▶ [WHAT IS NEEDED]
All lines in the material containing the word "política" need to be copied.

▶ [MATERIAL TO PROCESS]
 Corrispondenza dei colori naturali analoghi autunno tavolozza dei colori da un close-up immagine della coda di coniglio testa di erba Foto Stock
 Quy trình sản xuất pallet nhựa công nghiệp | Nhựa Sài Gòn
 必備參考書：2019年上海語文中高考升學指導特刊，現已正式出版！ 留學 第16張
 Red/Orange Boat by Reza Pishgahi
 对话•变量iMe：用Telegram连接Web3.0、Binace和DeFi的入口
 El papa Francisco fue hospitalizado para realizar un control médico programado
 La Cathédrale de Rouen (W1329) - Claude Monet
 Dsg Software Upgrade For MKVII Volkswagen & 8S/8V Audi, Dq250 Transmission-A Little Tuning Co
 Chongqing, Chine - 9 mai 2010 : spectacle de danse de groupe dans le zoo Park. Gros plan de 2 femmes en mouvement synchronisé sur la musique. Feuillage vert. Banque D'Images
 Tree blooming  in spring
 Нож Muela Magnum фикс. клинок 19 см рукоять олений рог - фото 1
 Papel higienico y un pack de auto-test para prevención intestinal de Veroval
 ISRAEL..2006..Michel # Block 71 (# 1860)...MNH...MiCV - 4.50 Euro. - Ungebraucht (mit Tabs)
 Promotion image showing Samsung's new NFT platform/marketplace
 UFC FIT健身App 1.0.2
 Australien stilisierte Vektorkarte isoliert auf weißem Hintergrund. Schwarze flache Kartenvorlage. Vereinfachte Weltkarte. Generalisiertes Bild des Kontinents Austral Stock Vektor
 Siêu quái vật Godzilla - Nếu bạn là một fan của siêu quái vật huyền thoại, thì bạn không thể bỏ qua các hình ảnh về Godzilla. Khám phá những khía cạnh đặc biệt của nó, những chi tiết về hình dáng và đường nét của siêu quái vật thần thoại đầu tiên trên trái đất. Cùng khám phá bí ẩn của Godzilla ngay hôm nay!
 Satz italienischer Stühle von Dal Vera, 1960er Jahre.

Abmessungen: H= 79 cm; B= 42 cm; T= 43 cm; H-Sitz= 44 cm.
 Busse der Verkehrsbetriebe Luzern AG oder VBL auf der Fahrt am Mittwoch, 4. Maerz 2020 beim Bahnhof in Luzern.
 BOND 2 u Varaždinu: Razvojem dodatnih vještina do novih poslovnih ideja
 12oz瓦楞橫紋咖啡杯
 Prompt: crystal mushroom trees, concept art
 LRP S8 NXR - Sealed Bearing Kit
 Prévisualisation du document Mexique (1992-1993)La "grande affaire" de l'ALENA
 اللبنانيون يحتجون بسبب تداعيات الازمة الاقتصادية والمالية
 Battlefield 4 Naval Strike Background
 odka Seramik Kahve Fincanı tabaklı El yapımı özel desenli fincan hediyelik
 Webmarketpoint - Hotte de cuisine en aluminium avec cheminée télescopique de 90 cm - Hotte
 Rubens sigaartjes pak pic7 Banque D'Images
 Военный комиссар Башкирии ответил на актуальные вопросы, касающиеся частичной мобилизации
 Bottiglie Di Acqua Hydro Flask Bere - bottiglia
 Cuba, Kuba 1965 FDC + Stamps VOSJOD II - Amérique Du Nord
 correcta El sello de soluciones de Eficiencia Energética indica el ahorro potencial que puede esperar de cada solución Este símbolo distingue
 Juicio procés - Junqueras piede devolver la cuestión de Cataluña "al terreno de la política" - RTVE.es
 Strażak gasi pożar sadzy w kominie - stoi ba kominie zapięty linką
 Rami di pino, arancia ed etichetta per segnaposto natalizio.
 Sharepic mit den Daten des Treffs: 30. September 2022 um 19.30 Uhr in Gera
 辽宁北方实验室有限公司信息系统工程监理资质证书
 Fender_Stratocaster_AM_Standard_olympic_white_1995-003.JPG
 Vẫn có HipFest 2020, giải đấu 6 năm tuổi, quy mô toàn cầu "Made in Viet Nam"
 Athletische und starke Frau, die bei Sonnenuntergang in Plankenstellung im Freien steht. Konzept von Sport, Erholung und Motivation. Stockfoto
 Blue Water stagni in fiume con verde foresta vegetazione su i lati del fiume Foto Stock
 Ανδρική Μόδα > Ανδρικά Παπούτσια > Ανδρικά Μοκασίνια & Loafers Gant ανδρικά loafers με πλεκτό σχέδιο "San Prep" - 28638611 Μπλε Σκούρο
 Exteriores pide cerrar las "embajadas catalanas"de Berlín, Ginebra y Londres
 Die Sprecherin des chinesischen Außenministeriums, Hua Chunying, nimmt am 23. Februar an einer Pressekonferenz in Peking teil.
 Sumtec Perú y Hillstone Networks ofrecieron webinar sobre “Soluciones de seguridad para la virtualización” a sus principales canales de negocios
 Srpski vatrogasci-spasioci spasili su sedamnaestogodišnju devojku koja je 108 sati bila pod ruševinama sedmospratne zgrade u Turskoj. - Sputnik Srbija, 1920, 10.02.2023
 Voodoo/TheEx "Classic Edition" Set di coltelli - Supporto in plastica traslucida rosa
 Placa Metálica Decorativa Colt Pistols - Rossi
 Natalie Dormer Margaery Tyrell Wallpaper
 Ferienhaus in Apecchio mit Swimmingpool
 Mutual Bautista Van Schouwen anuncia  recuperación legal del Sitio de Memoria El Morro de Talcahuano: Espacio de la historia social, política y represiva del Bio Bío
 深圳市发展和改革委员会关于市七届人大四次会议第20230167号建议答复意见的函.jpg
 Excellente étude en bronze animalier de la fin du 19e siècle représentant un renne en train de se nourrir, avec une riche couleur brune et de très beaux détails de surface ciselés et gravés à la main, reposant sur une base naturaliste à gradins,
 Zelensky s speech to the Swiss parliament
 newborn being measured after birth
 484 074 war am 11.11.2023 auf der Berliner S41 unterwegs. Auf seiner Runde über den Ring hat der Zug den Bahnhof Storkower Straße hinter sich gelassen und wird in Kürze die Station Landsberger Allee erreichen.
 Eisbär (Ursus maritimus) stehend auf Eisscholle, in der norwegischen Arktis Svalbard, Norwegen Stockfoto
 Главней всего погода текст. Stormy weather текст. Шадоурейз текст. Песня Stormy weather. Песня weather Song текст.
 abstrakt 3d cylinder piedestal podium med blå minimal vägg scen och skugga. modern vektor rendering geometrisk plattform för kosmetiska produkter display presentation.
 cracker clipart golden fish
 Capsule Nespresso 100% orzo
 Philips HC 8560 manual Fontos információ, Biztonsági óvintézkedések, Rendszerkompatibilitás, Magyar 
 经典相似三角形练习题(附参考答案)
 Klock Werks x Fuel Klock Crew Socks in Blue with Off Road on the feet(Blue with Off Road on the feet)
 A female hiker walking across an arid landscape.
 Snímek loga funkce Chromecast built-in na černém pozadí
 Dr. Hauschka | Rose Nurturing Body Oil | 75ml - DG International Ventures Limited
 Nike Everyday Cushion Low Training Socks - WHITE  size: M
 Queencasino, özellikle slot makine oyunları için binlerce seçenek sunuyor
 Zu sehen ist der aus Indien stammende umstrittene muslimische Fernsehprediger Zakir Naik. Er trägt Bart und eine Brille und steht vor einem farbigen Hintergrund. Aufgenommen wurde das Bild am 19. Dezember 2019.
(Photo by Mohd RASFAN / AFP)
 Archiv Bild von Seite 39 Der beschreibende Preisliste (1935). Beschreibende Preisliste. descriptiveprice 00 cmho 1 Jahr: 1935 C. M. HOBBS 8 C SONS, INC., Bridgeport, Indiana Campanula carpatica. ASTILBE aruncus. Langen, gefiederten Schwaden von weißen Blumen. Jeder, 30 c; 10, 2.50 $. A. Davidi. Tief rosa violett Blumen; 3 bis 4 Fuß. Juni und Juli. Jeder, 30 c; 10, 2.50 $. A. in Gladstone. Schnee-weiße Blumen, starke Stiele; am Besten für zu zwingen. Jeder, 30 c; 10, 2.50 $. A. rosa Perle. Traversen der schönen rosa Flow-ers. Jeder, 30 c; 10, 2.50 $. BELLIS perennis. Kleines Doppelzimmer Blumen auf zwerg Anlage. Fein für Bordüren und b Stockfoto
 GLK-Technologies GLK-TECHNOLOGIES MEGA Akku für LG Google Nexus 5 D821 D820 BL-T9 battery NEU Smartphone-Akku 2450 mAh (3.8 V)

▶ [RESPONSE BELOW]
 Juicio procés - Junqueras piede devolver la cuestión de Cataluña "al terreno de la política" - RTVE.es
 Mutual Bautista Van Schouwen anuncia  recuperación legal del Sitio de Memoria El Morro de Talcahuano: Espacio de la historia social, política y represiva del Bio Bío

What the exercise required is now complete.